The frame in the picture seen below has dozens of plastic cups that act as the queen cup for the queen cell to grow from it. Every queen must come from a queen cell. It is unique to the hive in that, unlike other brood (developing bee) cells, this cell is longer as it has to house a developing queen. The pupal and larval queen will be on a heavy diet of a substance known as royal jelly. While every developing bee will be fed some amount of royal jelly. It’s only the queen that is fed a high amount of it as that’s what gives her all the qualities of a queen, such as living up to 3-5 years!

First a beekeeper will carefully remove larvae that are a couple days old. There is nothing special about this larva at the moment. Once it is placed in a cup on this frame, and all the cups are filled with larva, the frame is placed into a queenless hive. This hive is known as the breeder hive as this is where the queens will develop. At this point the queenless bees will do the rest of the work. They begin feeding the larva royal jelly, building out the cell all the while.
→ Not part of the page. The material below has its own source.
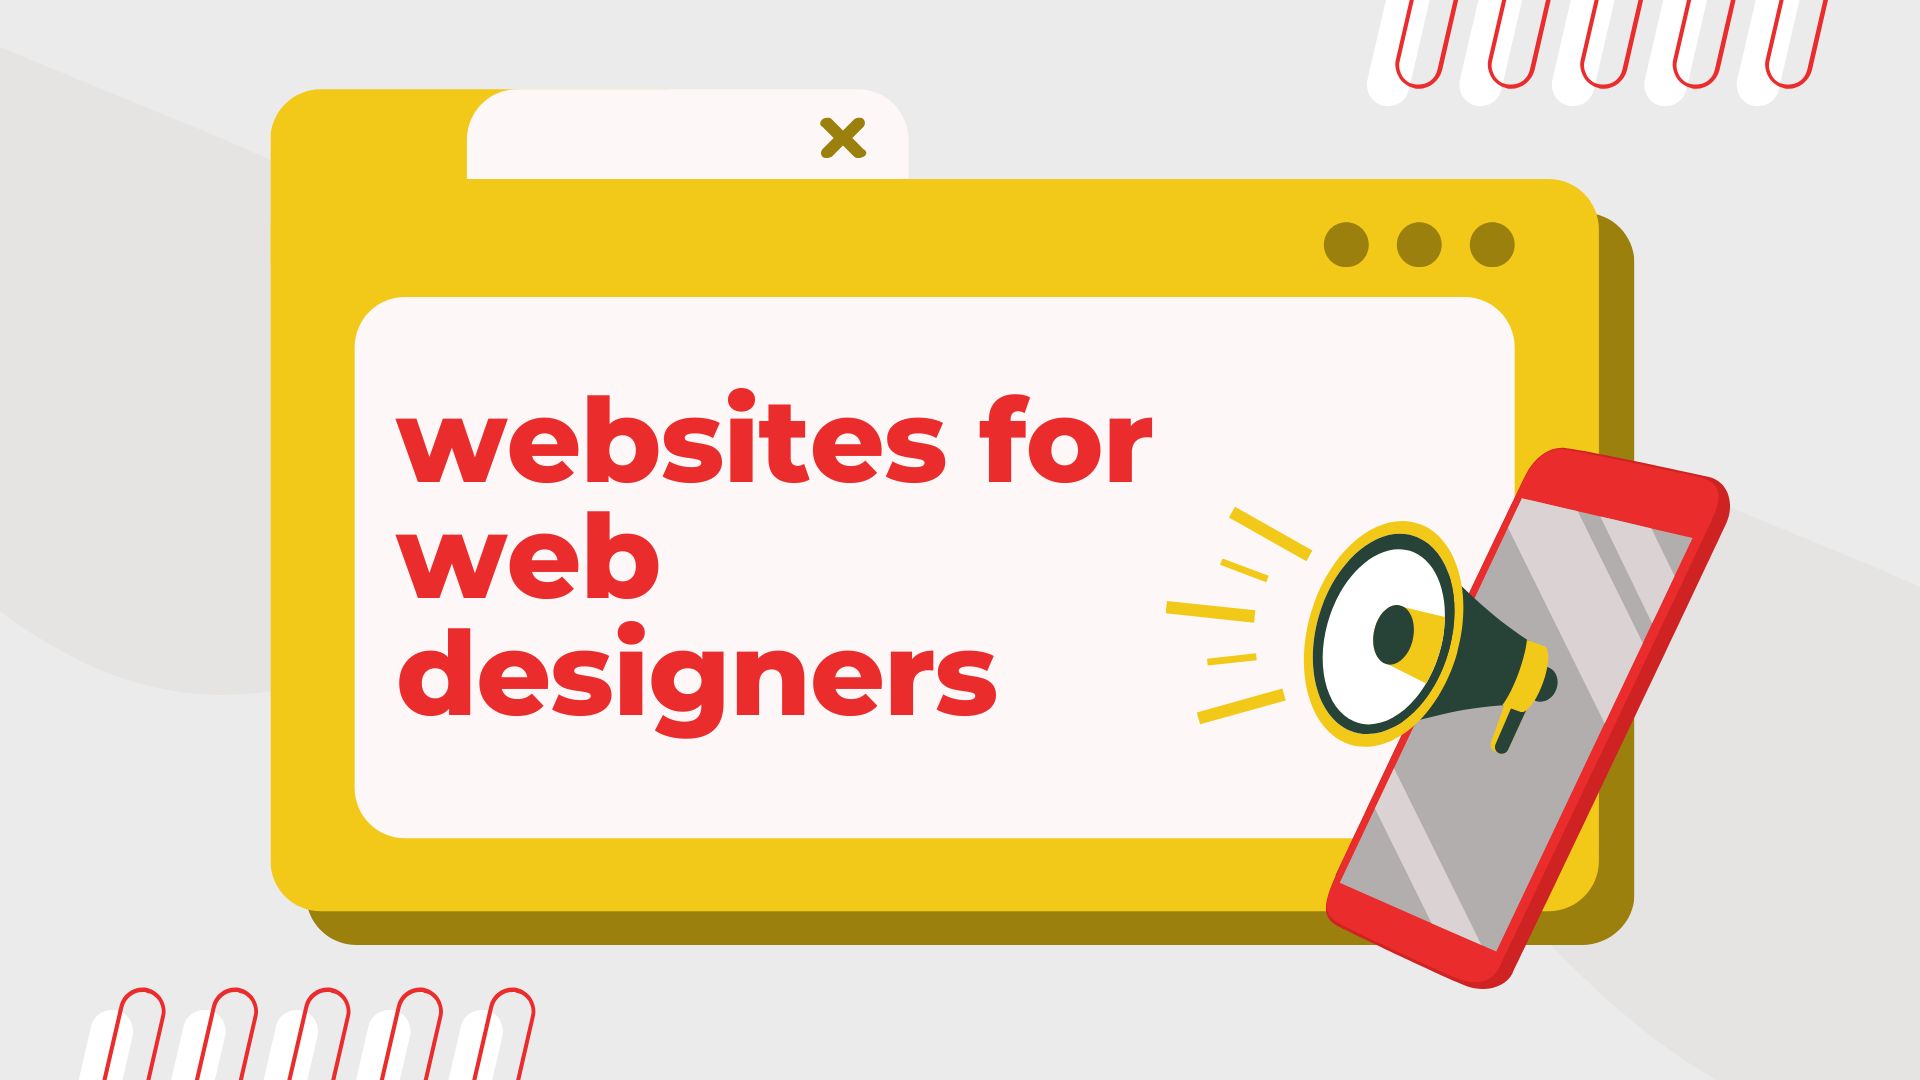 wesites for web designers - be unique

In about a week, the now queen cells will be capped and in another few days they will emerge healthy, adult queens! 

In a few weeks the queens will ideally be mated and laying eggs in the hives they’ve  been put into, known as mating hives. These hives or the queens themselves can be sold or shared. So what about all that talk about local bees/queens? By raising or rearing queens local to your area, you are providing a great service to the bee community around you! Every queen that is born from your hives has a mother and hopefully grandmother that has adapted to your region. There are options to buy queens from out of state that might be better in their genetics, but just like honey, it’s always beneficial to buy closer to home.

That’s not to say queen rearing is easy. Most beekeepers experienced with this process find that they only get about 60% of their original queens to be mated and successfully laying. Being new flyers. queens are very vulnerable during their mating flights and can be eaten by a variety of predators or simply swept away in the bad weather. While the benefits of this practice are definitely there, it’s very important not to give up after your first or second round, which will likely end up mostly in failure. Beekeepers and our environment need queens and bees that are better suited to our climate and the challenges bees face. Do your part to keep these genetics thriving in your area wherever you are!